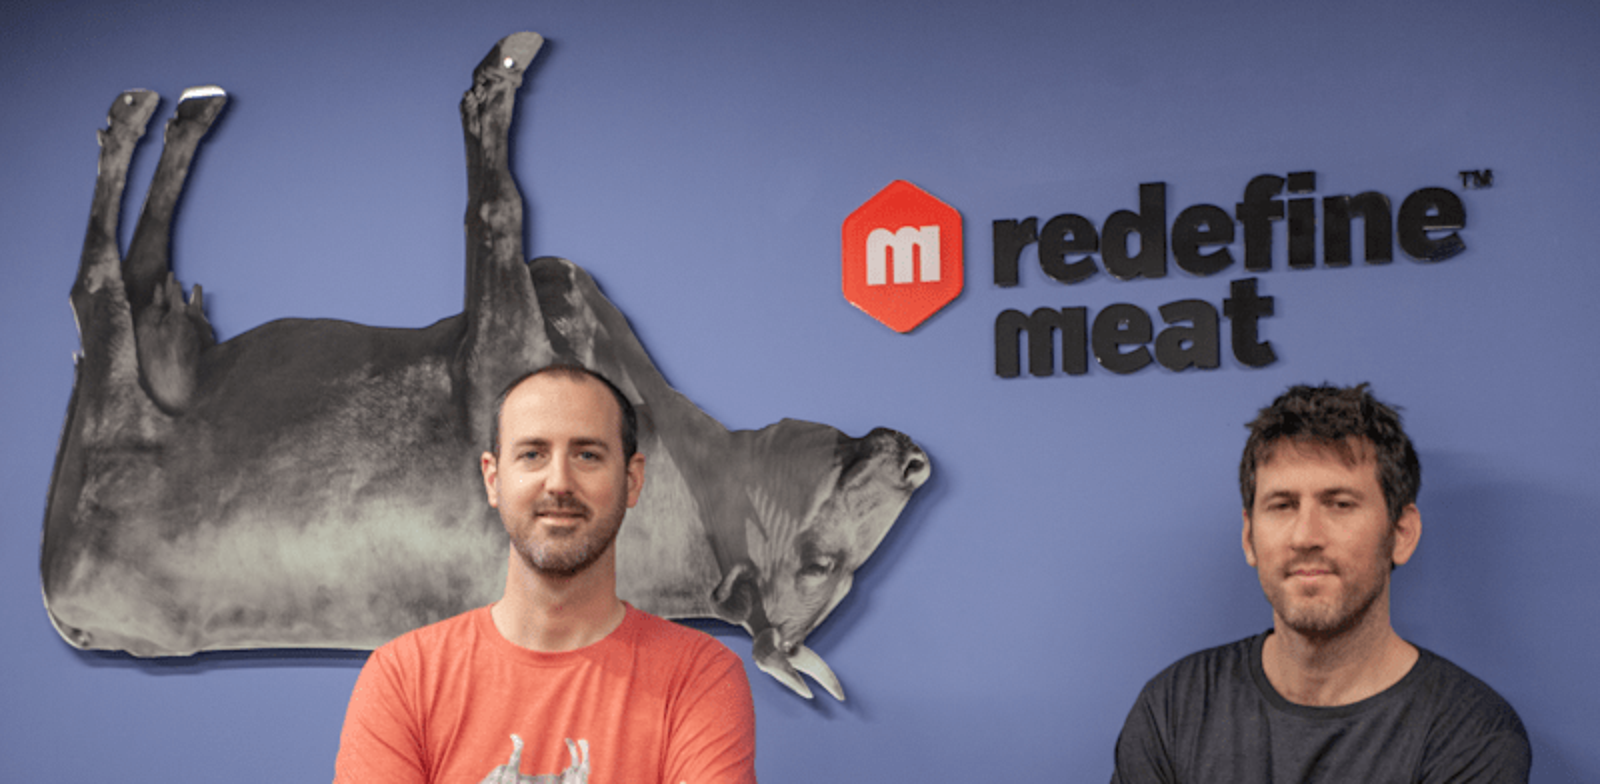 Redefine Meat founders Eshchar Ben-Shitrit and Adam Lahav
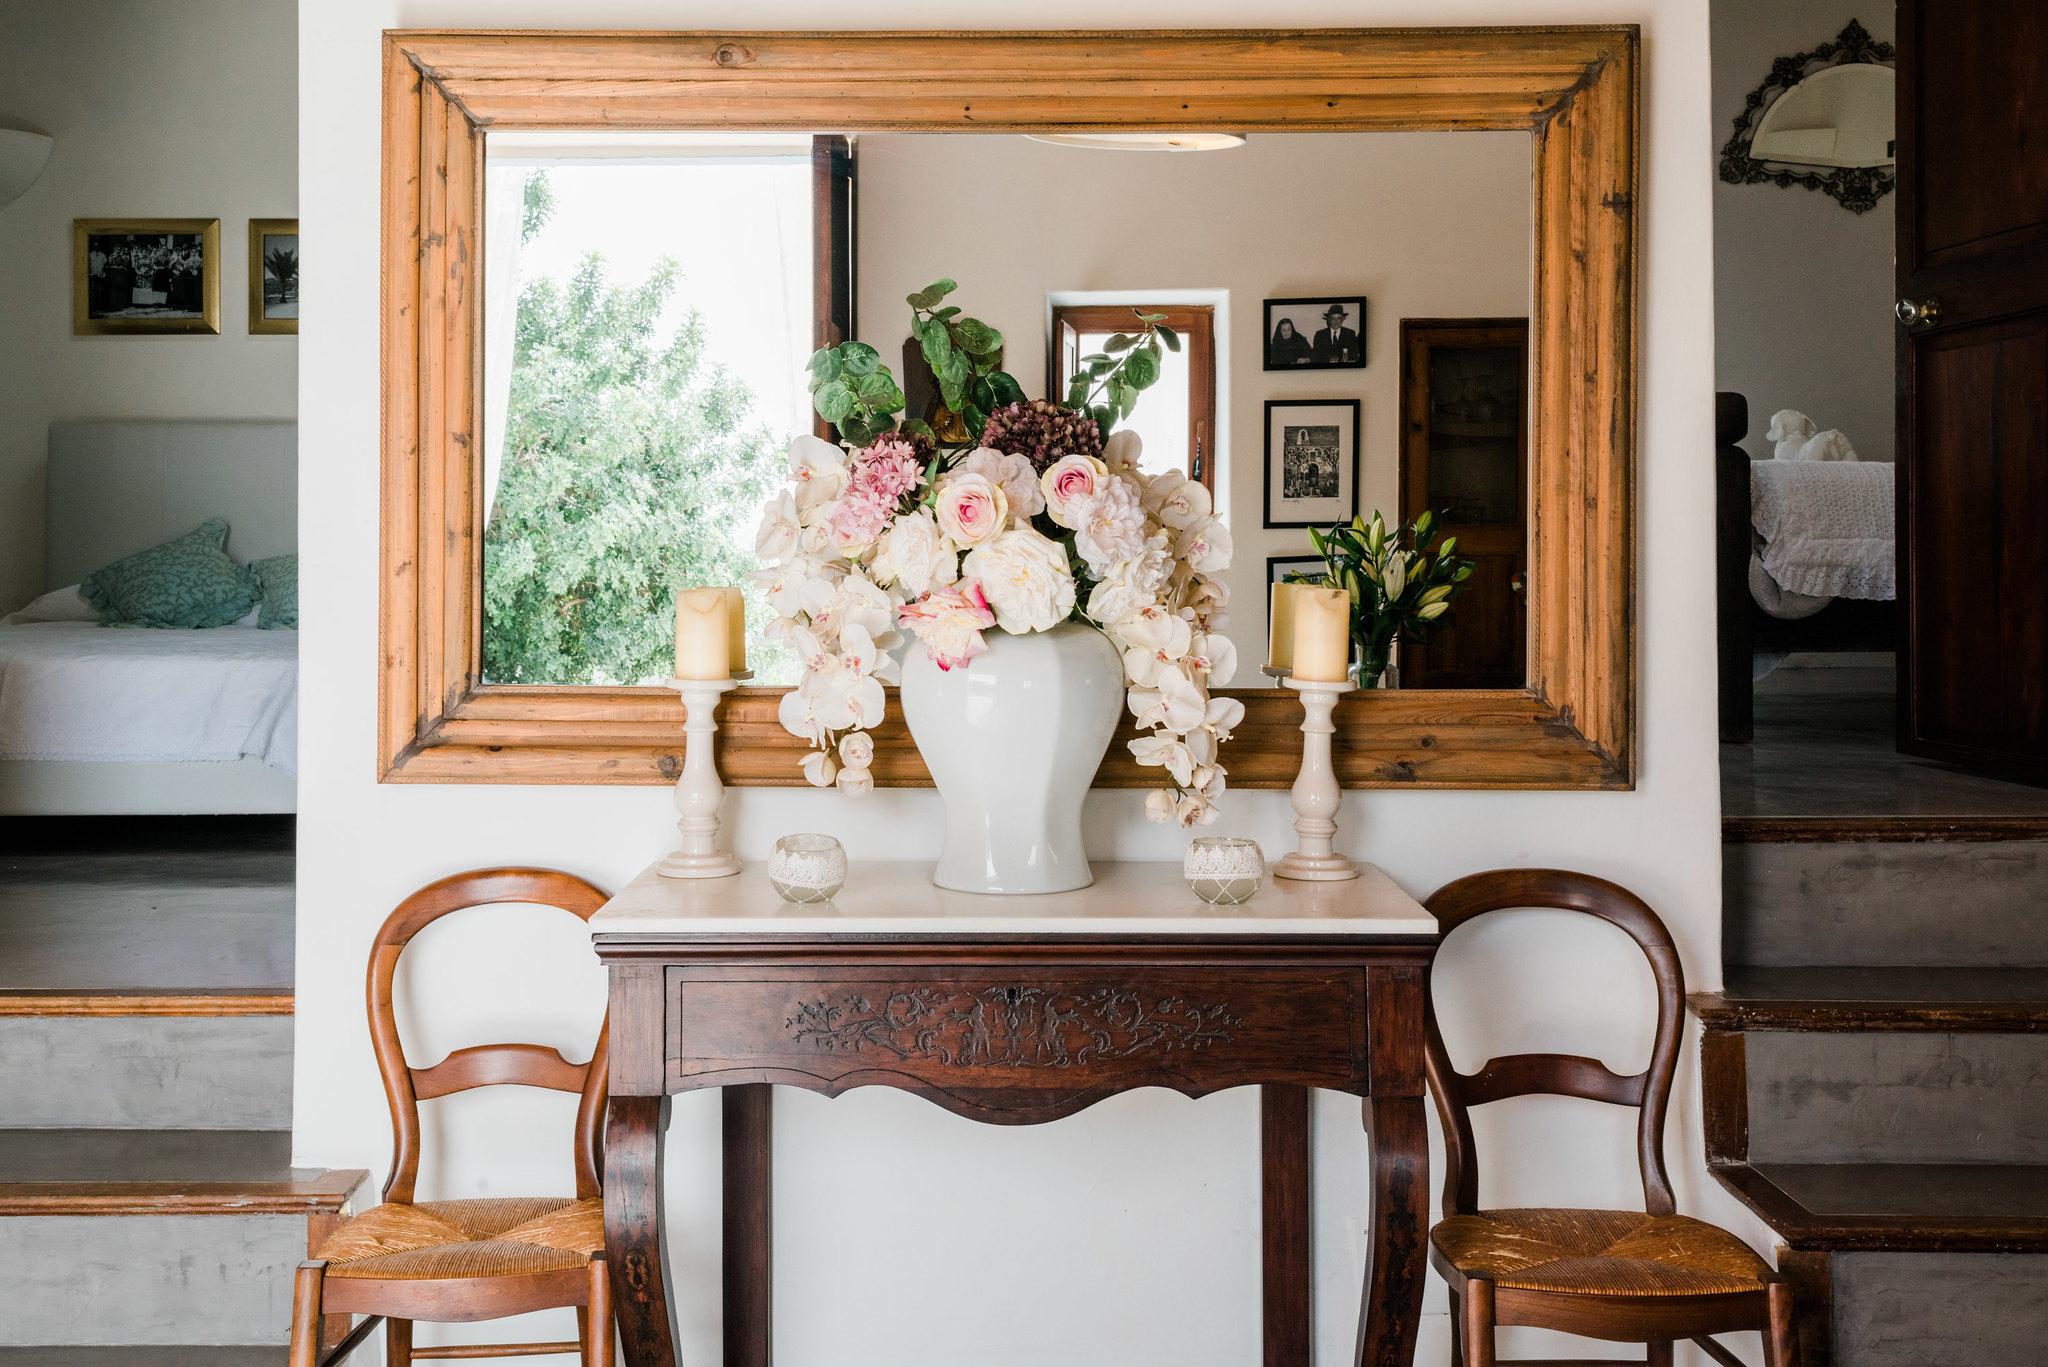 https://www.white-ibiza.com/wp-content/uploads/2020/06/white-ibiza-villas-los-corrales-interior-flowers.jpg
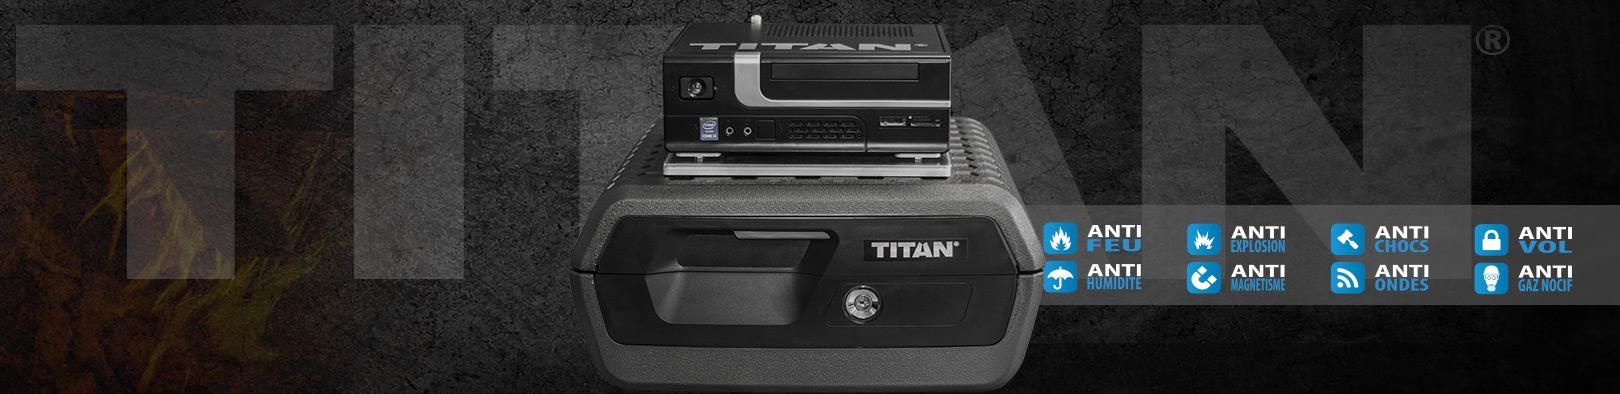 titan ged logiciel
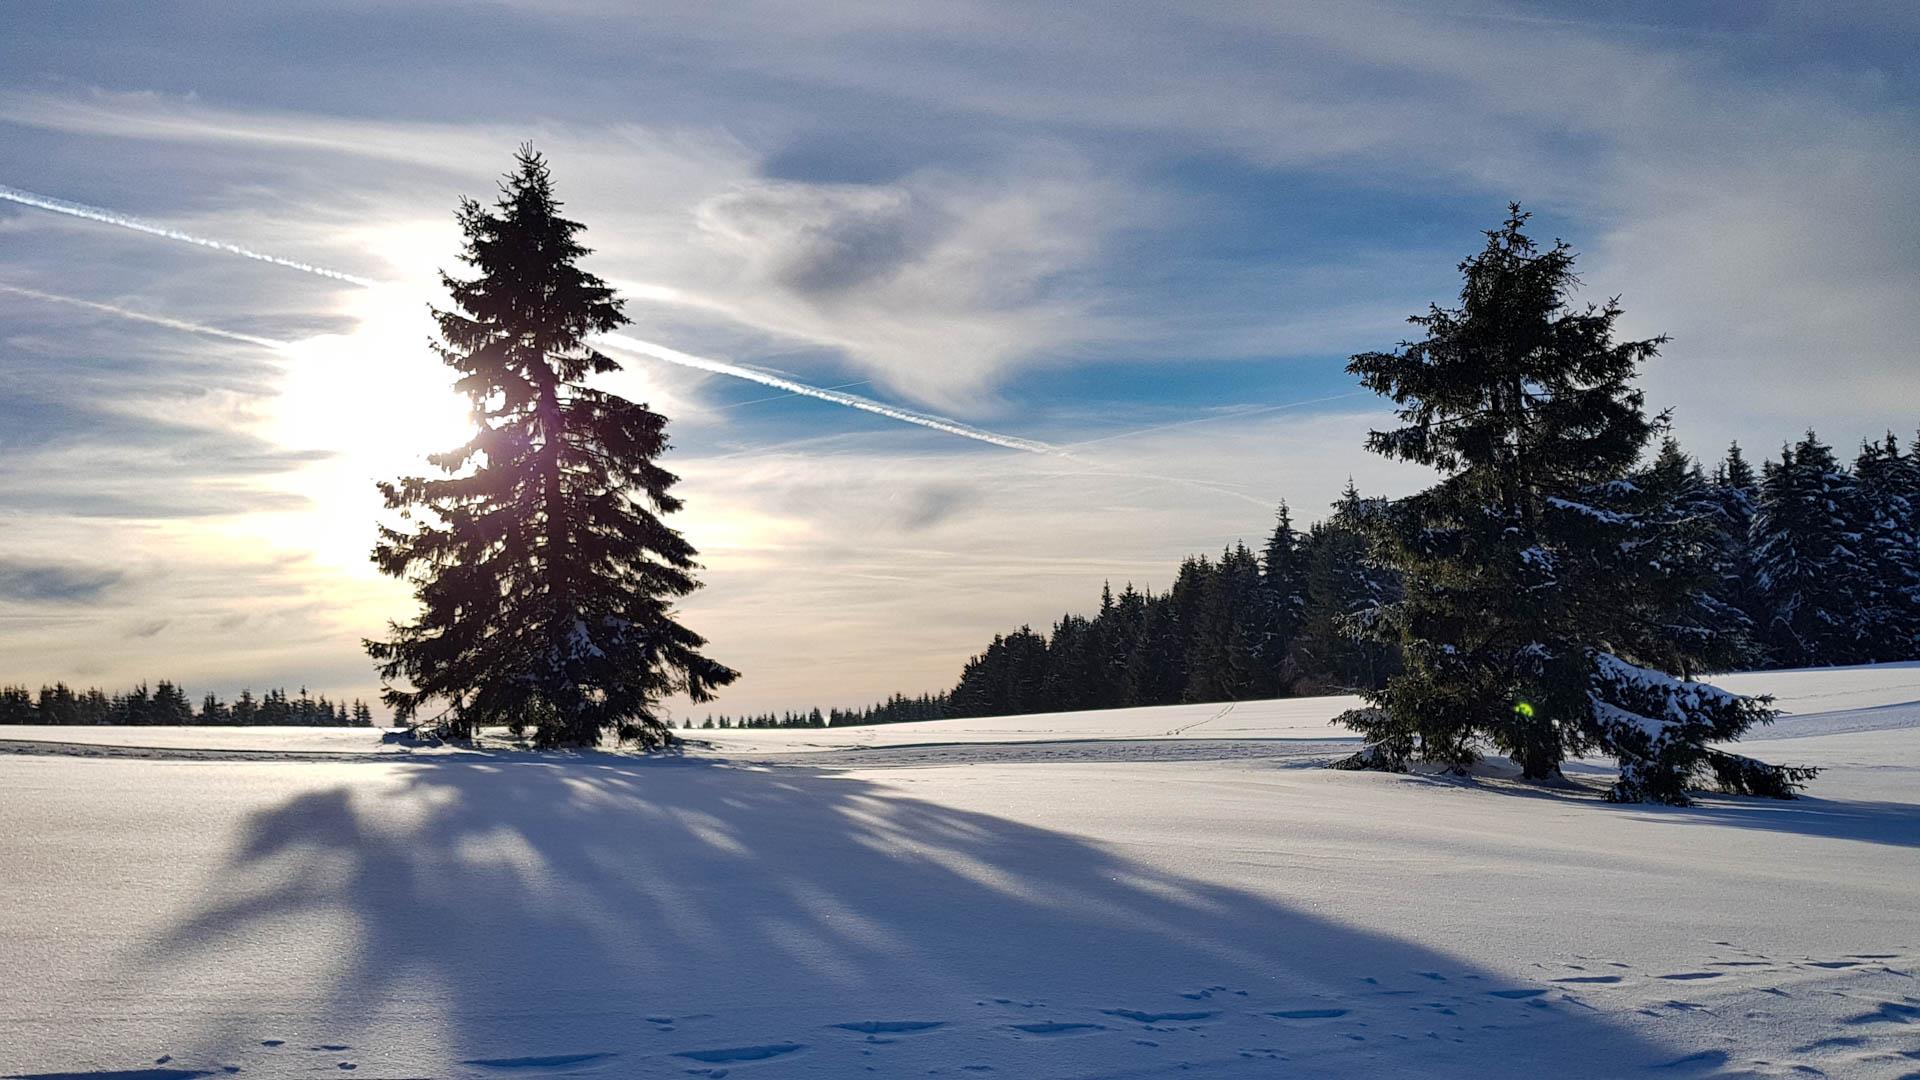 Feuerberg im Winter 2019

···

#### Your assignment:
Reproduce the listing above exactly, excluding all pictures.

#### Solution for this exercise:
 Redefine Meat founders Eshchar Ben-Shitrit and Adam Lahav
 https://www.white-ibiza.com/wp-content/uploads/2020/06/white-ibiza-villas-los-corrales-interior-flowers.jpg
 titan ged logiciel
 Feuerberg im Winter 2019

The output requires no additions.